Только что по подразделениям были прочитаны приказ комкора и обращение военного совета Юго-Западного фронта о генеральном наступлении. Сидят танкисты кучками у костров, греют руки и молчат — у каждого свои думы.

Ждут рассвета. От костра к костру ходит заместитель командира части, высокий, плечистый, в меховом- комбинезоне, со шрамом наискось лба, чуть повыше переносья. Майор, как всегда, малоразговорчив, только глаза карие, широко расставленные, немного навыкате, сегодня больше обычного внимательны и веселы — искрятся лучиками, словно он вот-вот собирается сказать что-то озорное и очень важное, отчего сразу спадет напряжение. Но ничего не говорит майор Новокшонов. Он присаживается к костру, так же, как все, протягивает руки к бойкому пламени от горящей мазутной ветоши, посматривает на танкистов, будто спрашивает: «Ну, чего носы повесили?
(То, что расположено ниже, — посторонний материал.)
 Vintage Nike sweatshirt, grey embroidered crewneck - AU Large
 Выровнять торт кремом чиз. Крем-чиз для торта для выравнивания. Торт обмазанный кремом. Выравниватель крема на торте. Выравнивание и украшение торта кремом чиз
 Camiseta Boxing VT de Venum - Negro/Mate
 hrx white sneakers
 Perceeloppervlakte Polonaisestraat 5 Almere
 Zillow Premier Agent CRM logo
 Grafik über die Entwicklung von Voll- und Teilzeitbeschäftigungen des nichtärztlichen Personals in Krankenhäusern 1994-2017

Первый раз? что ли нам в бой идти…» Посматривает и молчит. А у танкистов почему-то сразу начинают светлеть лица — в самом деле, не первый же бой! И веселее смотрят глаза на майора, проворнее идет кисет по рукам. Все закуривают. Закуривает и замполит из того же кисета. Кто-то говорит:

— Снег нынче пал на сырую землю! Урожай на будущий год будет хороший.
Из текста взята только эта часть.